This was also the consensus of members of the Senate Foreign Relations Committee before whom the three Congressmen testified this morning. Sen Rudy Boschwitz (R. Minn.), who conducted the Senate Committee’s third hearing on the raid, said that once the “pious hypocrisy” over the Israeli raid was disposed of, Israel’s action can focus attention on non-proliferation.

Rep. Jonathan Bingham (D. NY) told the Senate committee that the Administration testimony before the House committee served to “obfuscate rather than clarify the nature of the Iraqui nuclear threat.”

He said for the past years, officials of the Carter and Reagan Administrations had told him that “the diversified and sophisticated nuclear equipment, training, and materials which Iraq has acquired only make sense in terms of a desire to achieve nuclear weapons capabilities.”

But, Bingham said, the Iraqi nuclear progress was never taken seriously by the U.S. He said Israel “had every reason to be alarmed” by the Iraqi program but the U.S. failed “to appreciate how seriously Israel viewed the security threat and how Israel might act to defend its perceived self-interest.”

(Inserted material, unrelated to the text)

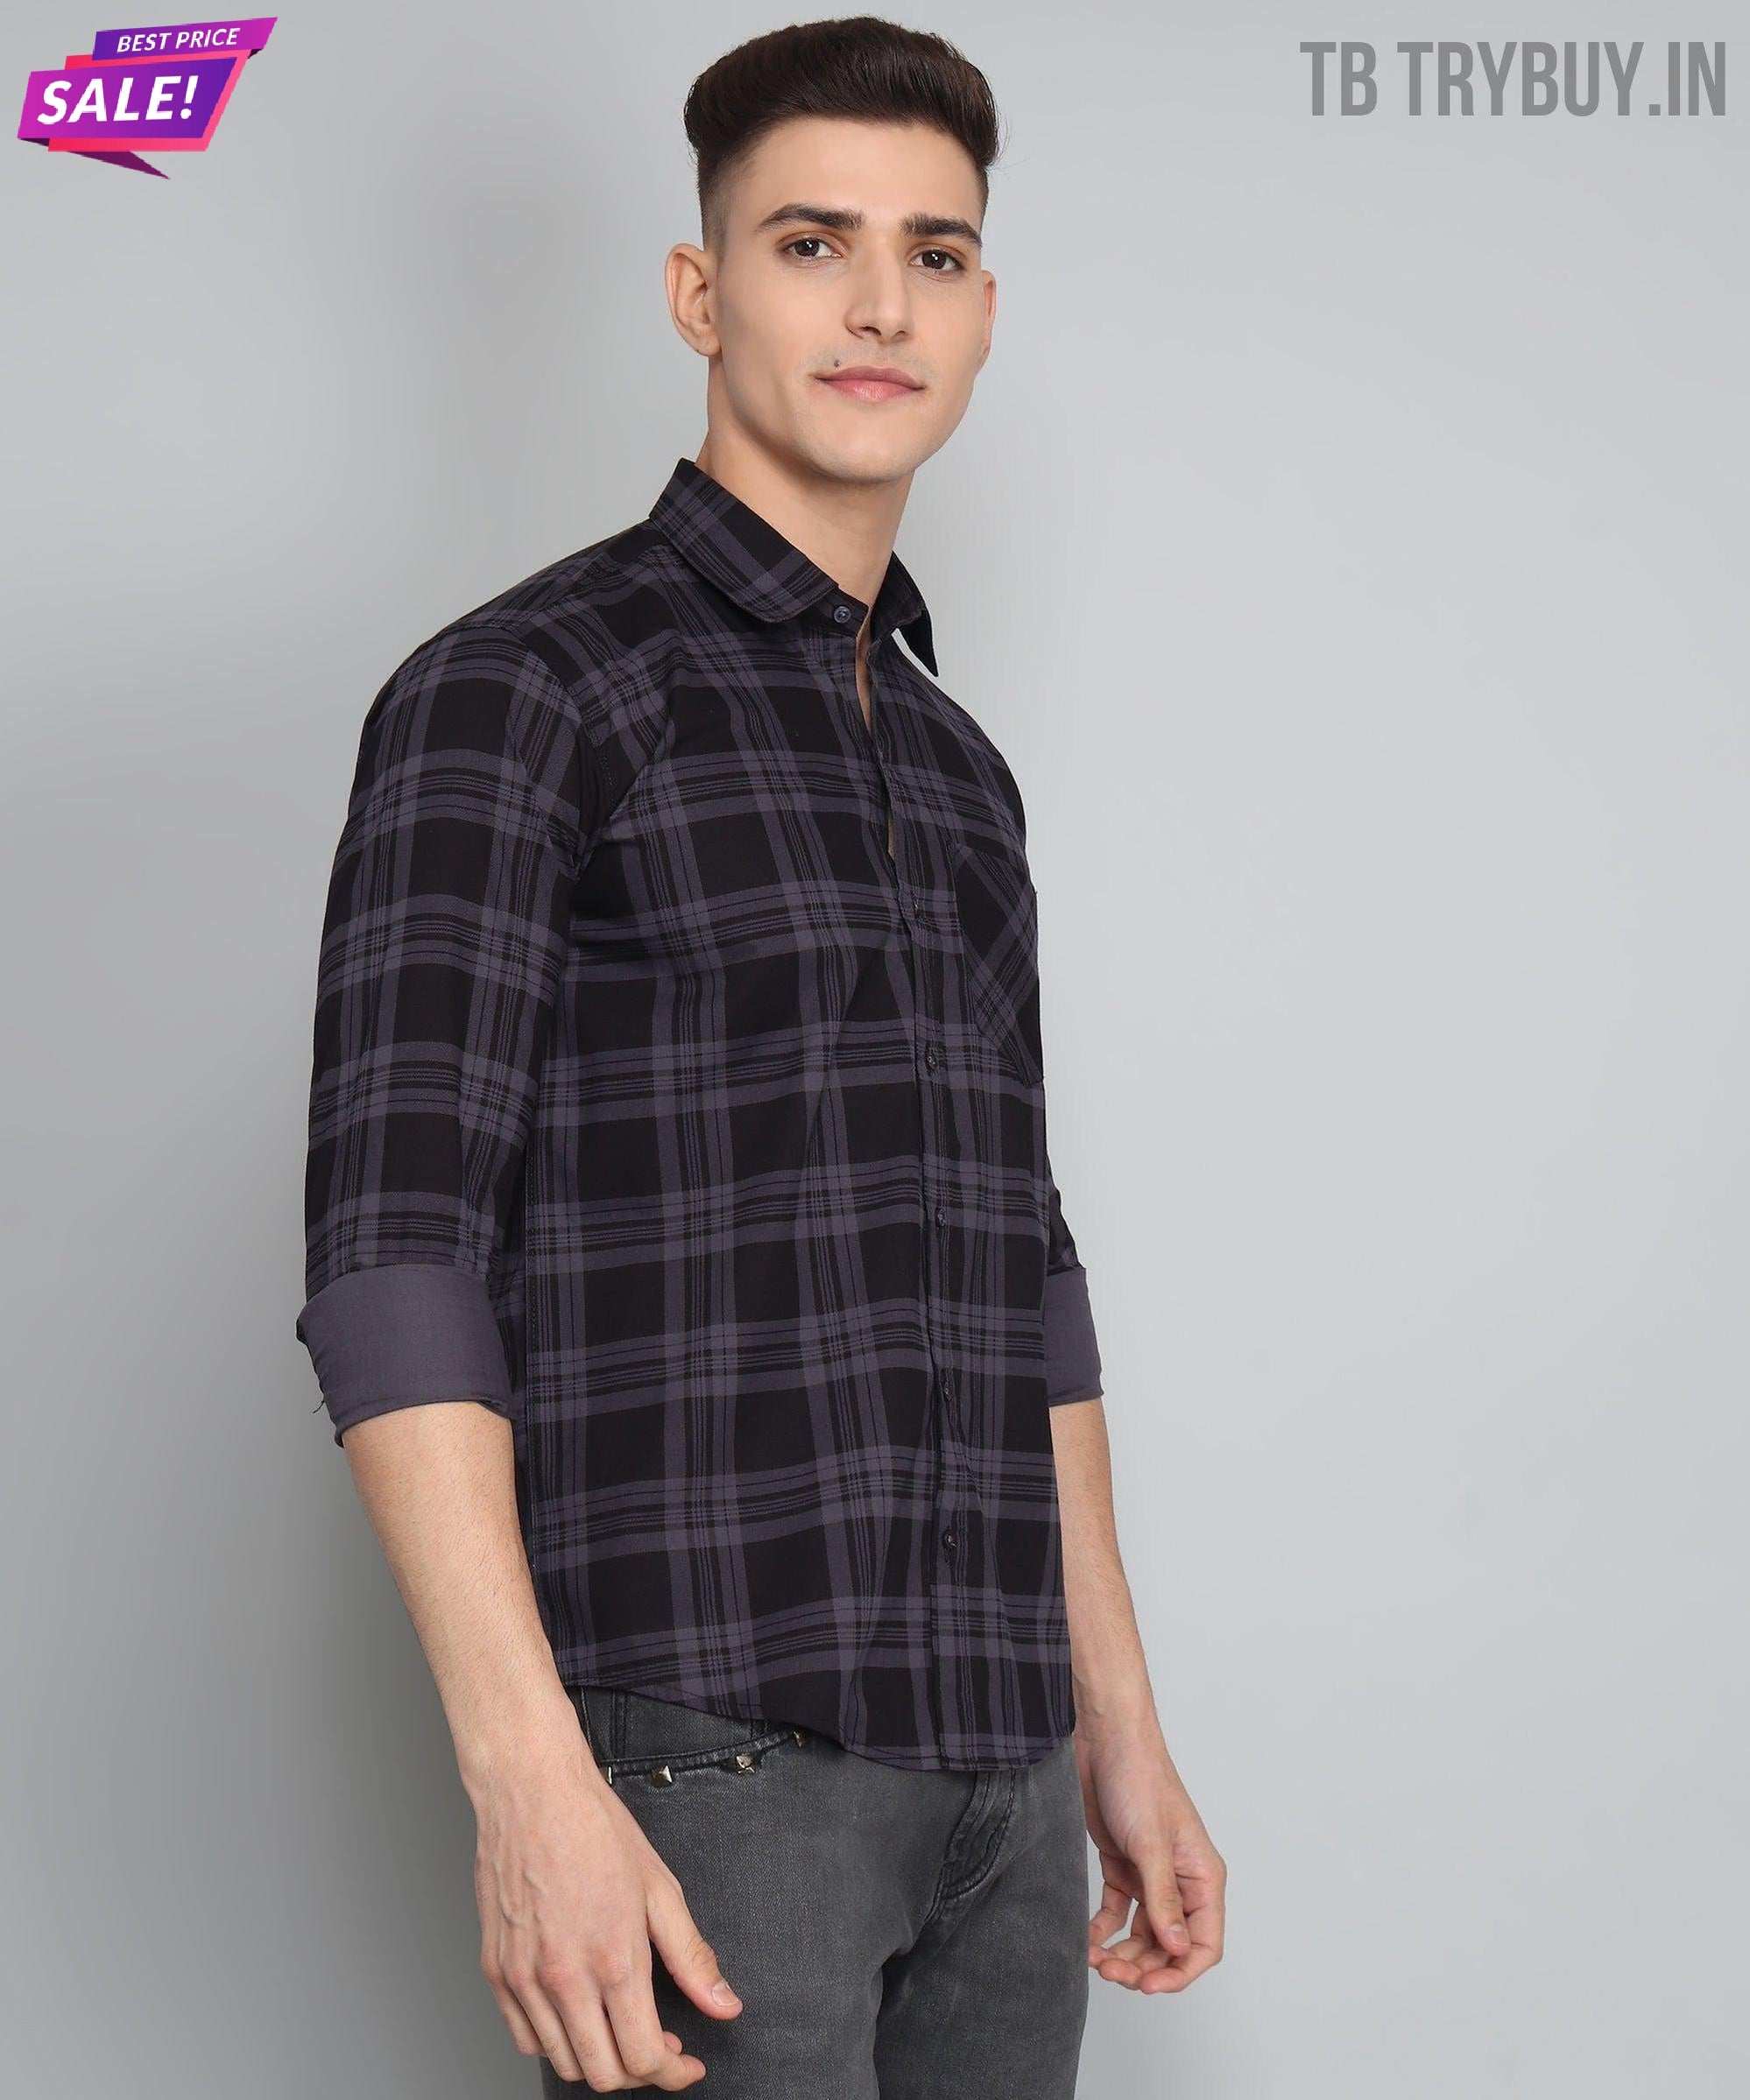 Exclusive TryBuy Premium Black Grey Check Cotton Casual Shirt for Men

BINGHAM ASKS FIRM U.S. ACTION

Bingham called on the Reagan Administration to “publicly articulate a firm commitment to direct substantial U.S. resources to preventing the spread of nuclear weapons and of the capability to manufacture nuclear weapons.” Rep. Edward Markey (D. Mass.) also called on the President to strengthen U.S. nonproliferation efforts. “The major threat in the world today is not the arms race between the United States and the Soviet Union,” Markey said. “It is the threat of nuclear weapons under the guise of commercial nuclear power technology to unstable nations and eventually to terrorist groups.”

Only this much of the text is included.